> _Entries supplied_
- - - - -

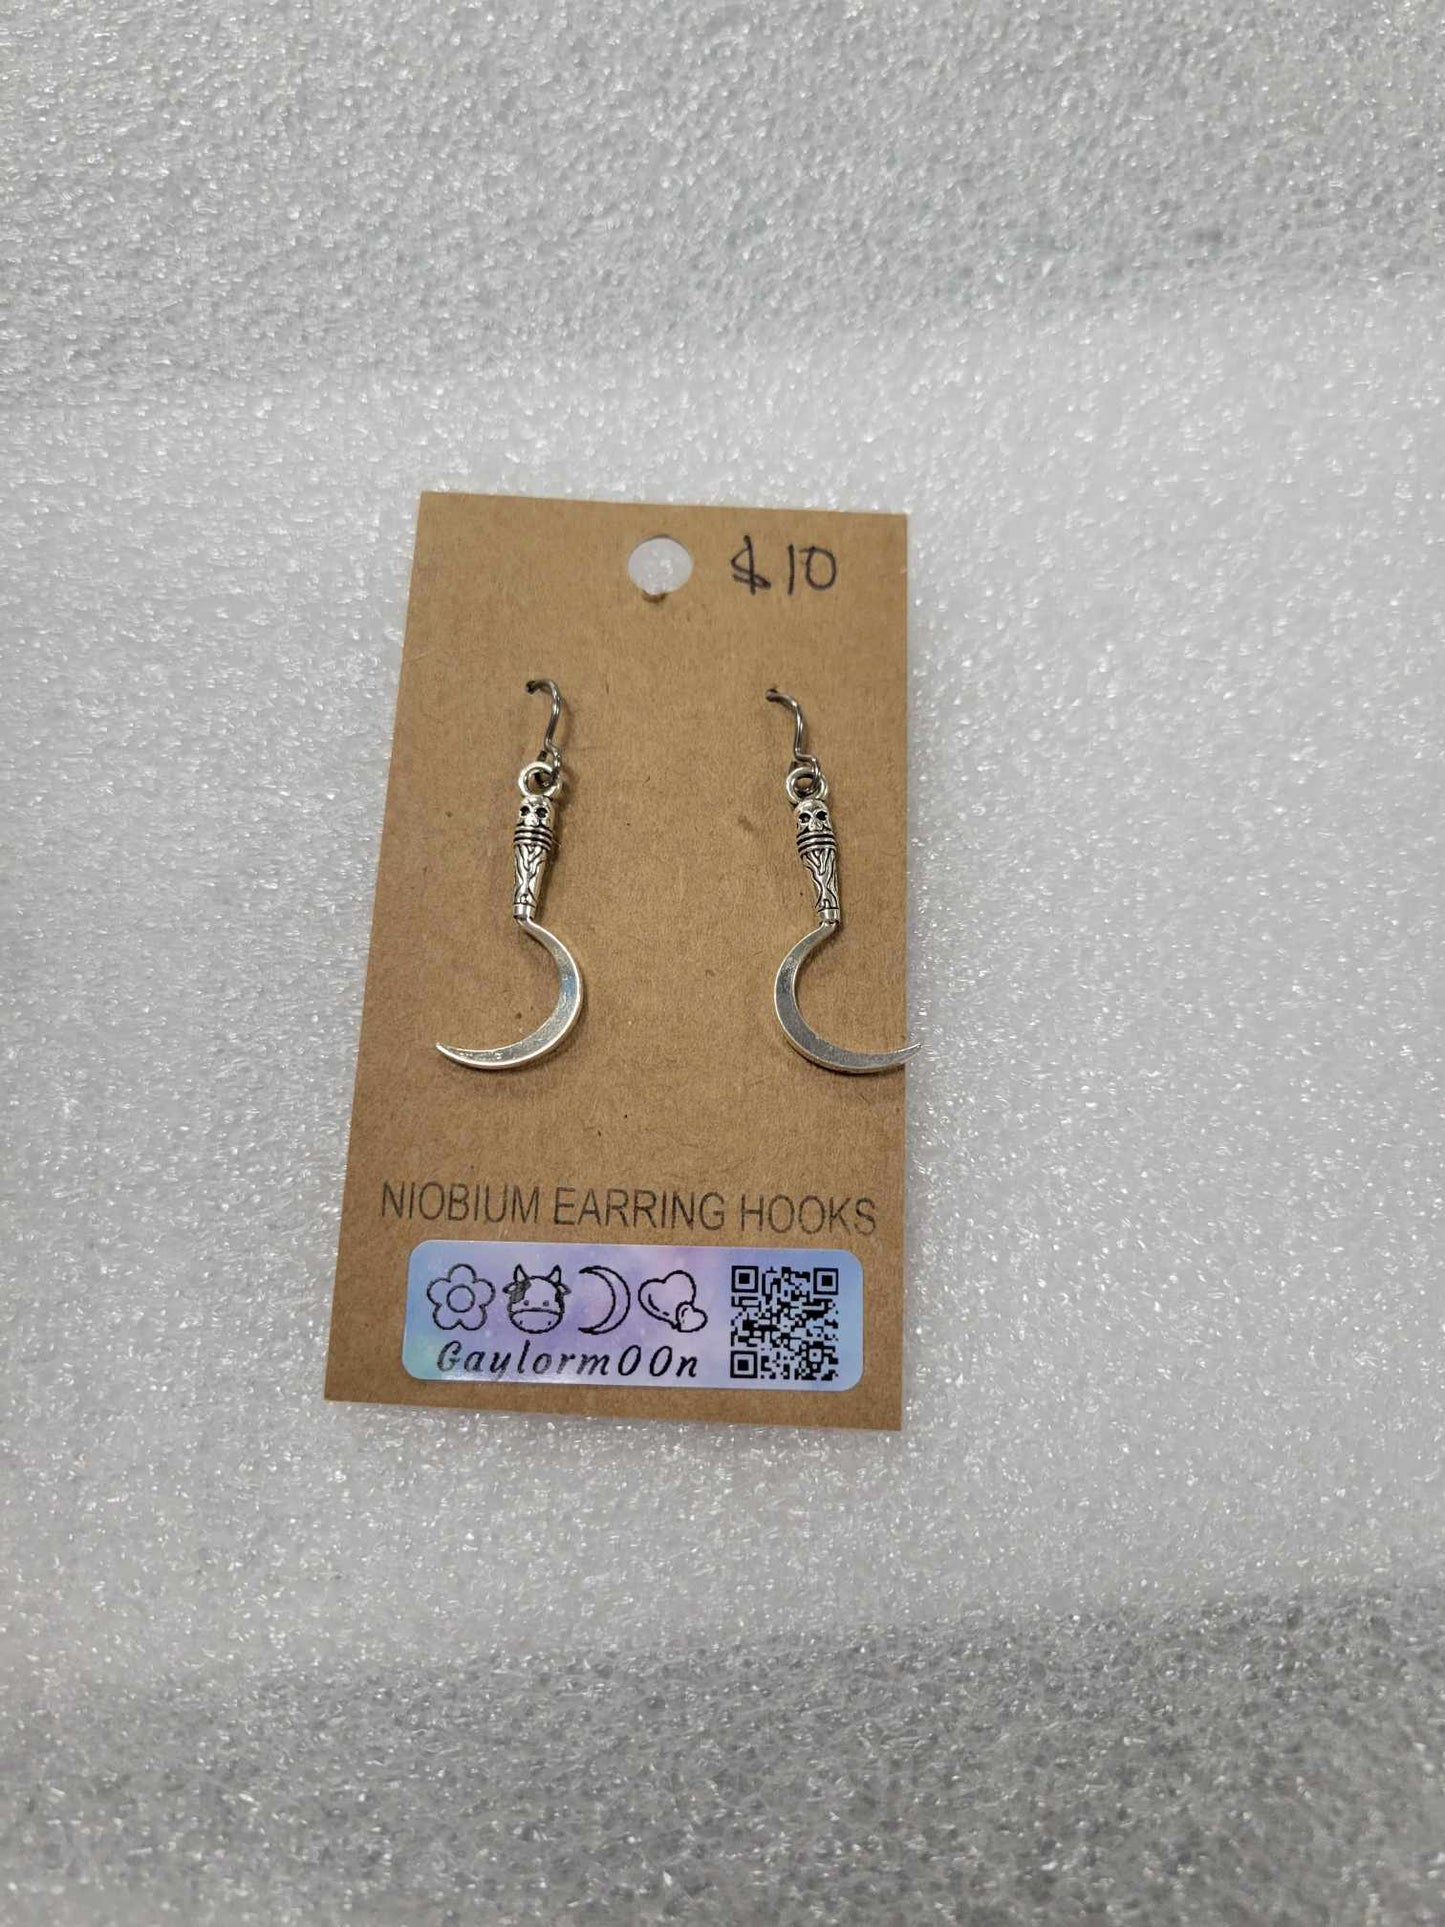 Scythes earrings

- - - - -

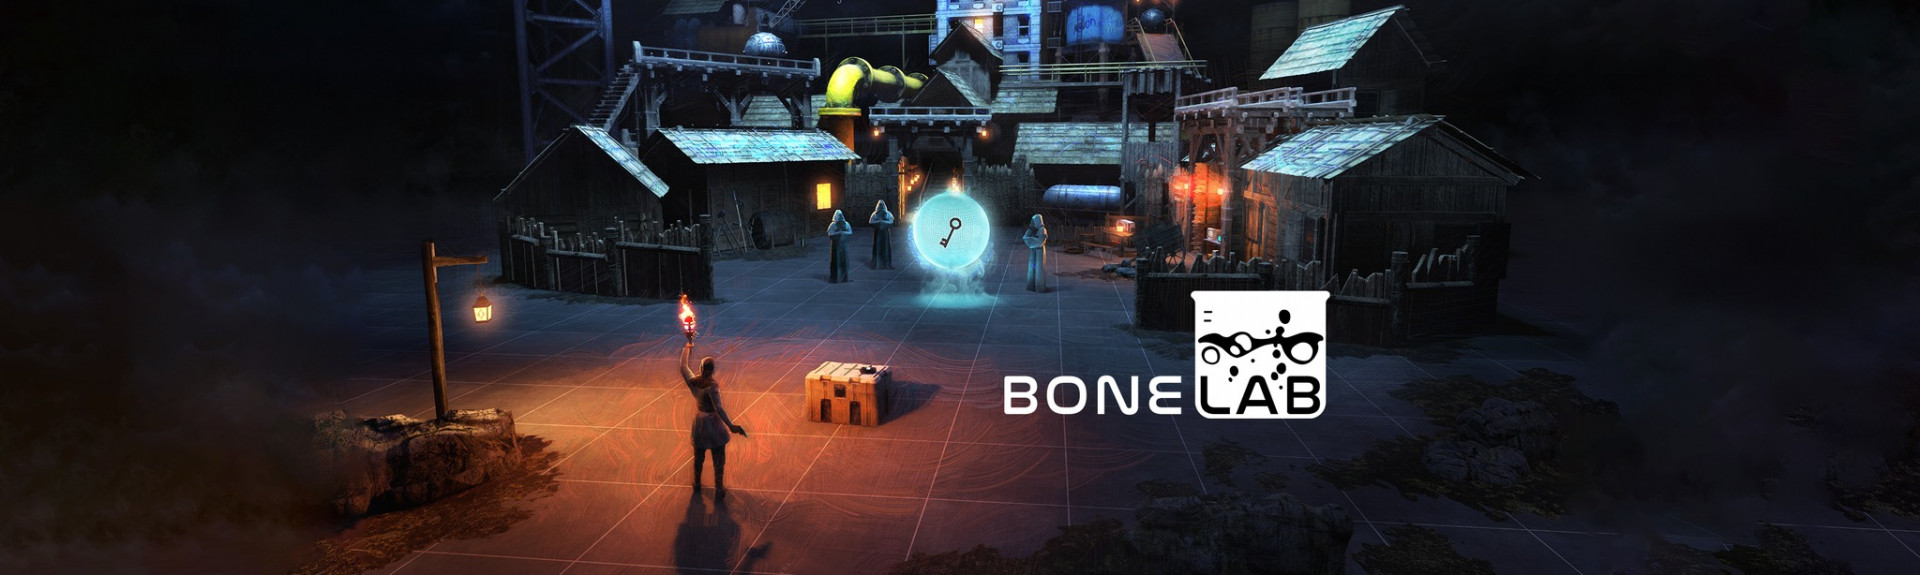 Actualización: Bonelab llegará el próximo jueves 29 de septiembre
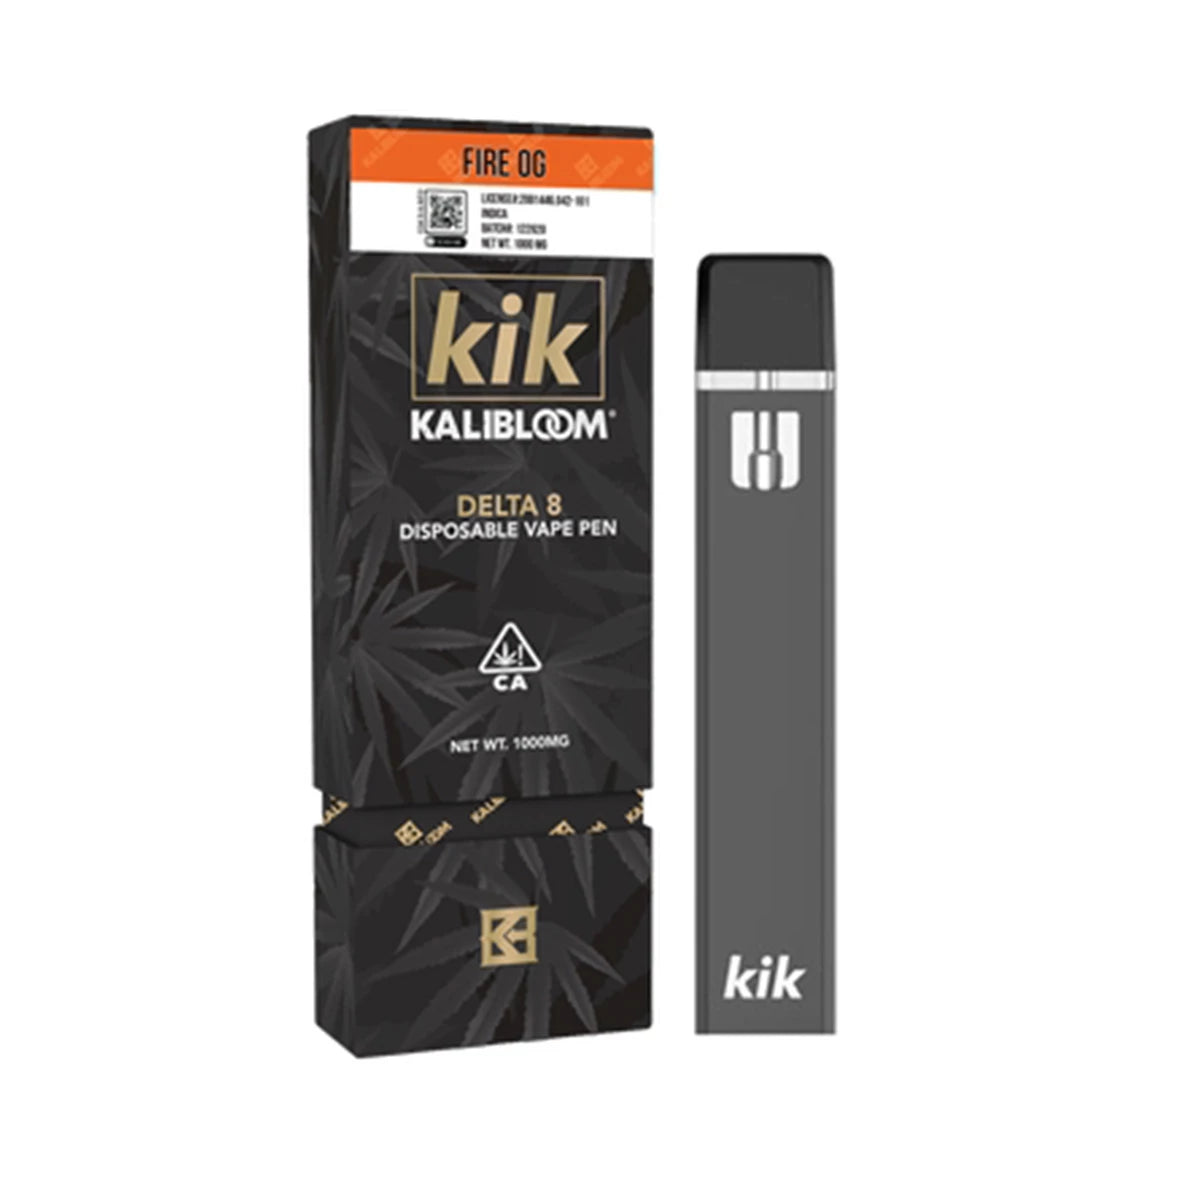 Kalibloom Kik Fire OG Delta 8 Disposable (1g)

- - - - -

> _Task objective_
Within the material above, only the stretch from the line holding "Actualización: Bonelab llegará" through the line holding "Kalibloom Kik Fire" is to be restated exactly. Pictures are dropped.

> _Task result_
 Actualización: Bonelab llegará el próximo jueves 29 de septiembre
 Kalibloom Kik Fire OG Delta 8 Disposable (1g)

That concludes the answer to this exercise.